In reply to Have_A_Doubt:
Consider this other example:
sequence s4;
int x;
( ((1, x = data) ##3 data==x) // seq1
and
( ##1 (1, x = data) ##1 data==x) ) // seq2
##1 data==x; // seq3
endsequence
ap4:assert property( @(posedge clk) s4);
t0 x=data_@t0 // from seq1
t1 x=data_@t1 // from seq2
t2 evaluate data==x // from seq2
Question: which x to use? the x from x=data_@t0 or the x from x=data_@t1
t3 evaluate data==x // from seq1
Question: which x to use? the x from x=data_@t0 or the x from x=data_@t1
t4 evaluate data==x // from seq3
Question: which x to use? the x from x=data_@t0 or the x from x=data_@t1
Please answer the question as to which do you want and why?

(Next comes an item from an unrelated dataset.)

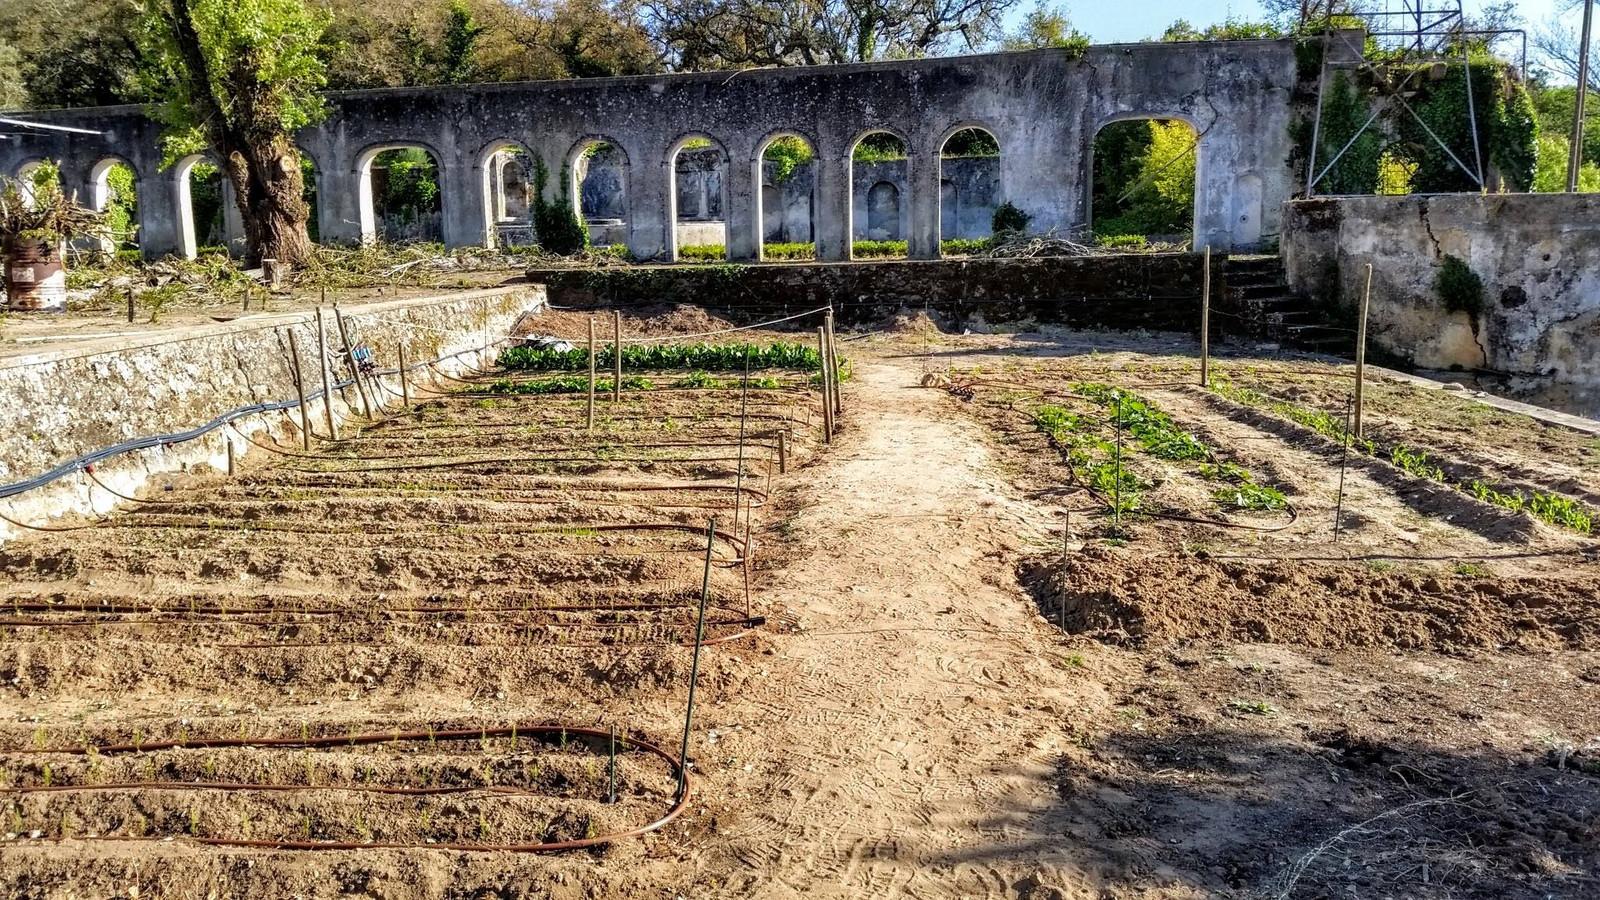 C7 Conheça A Quinta De 'Quem Quer Namorar Com O Agricultor?'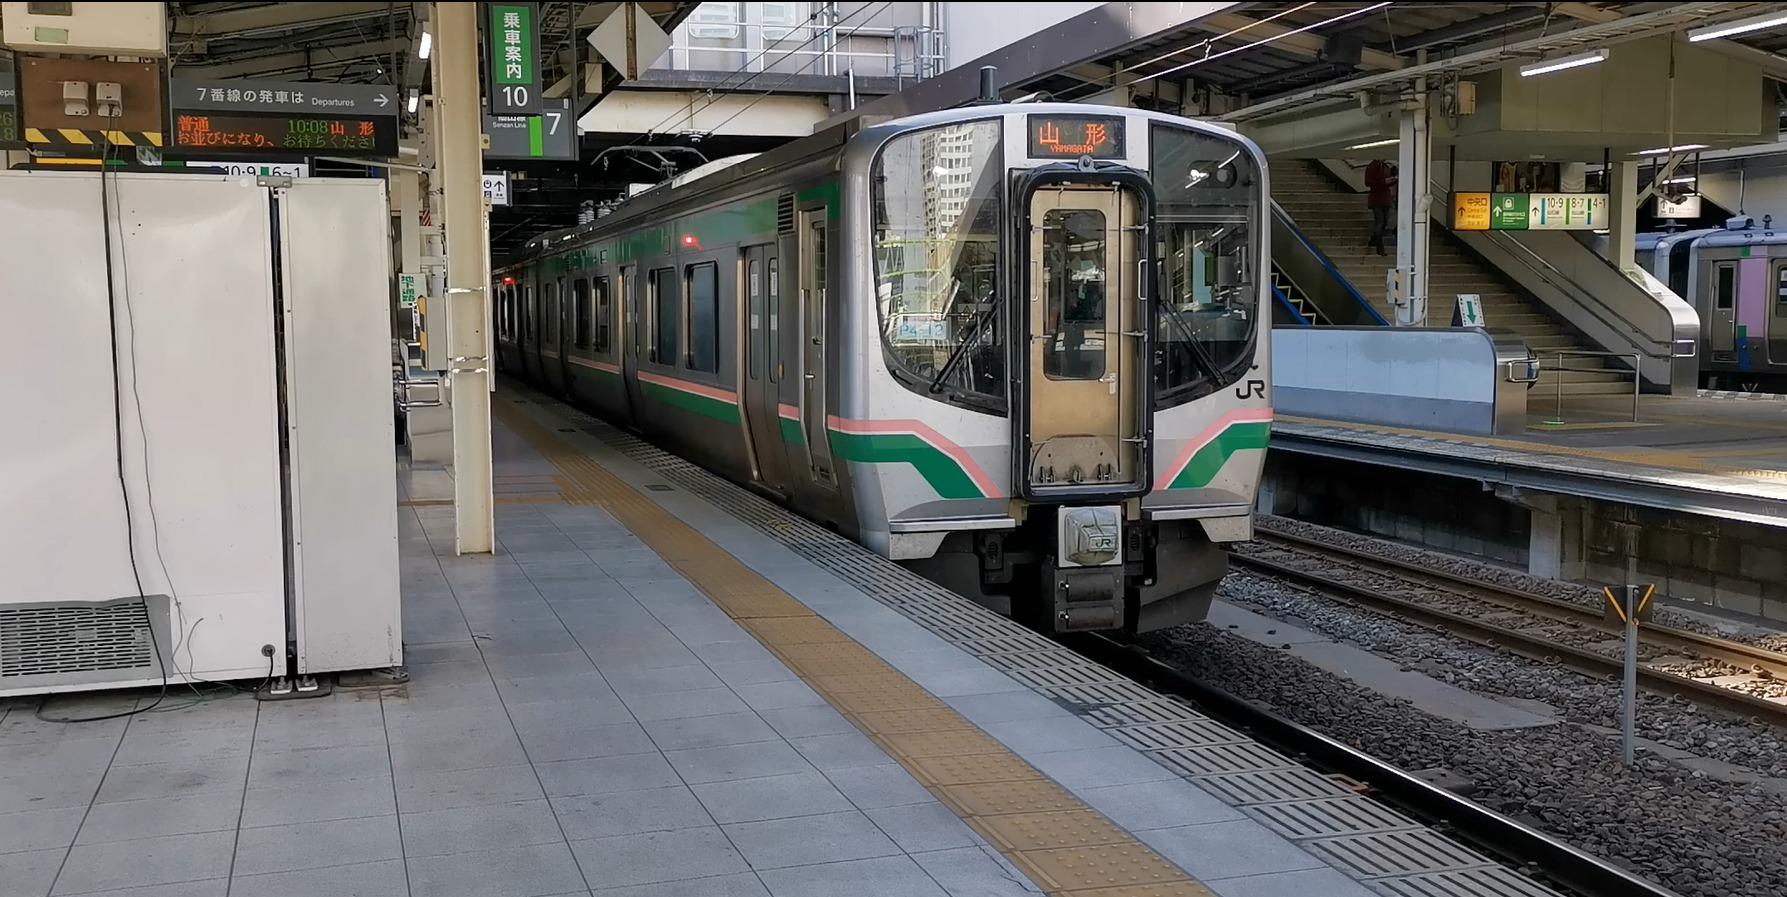 東北新幹線仙台~東京半額切符 12月15日で終了 週末は仙台や東北へ出かけよう

You can argue the last but you can also argue for the variable contained (or braced) within each respective sequence. When you come out of the AND, then what? Which one to choose?
That is the delemma!
Note that the sequences seq1,seq2 are both triggered concurrently and don't know of each other or their variables. The sequences are "braced" and don't communicate.
That is the reason why an assignment to both concurrent threads (seq1, seq2) is illegal.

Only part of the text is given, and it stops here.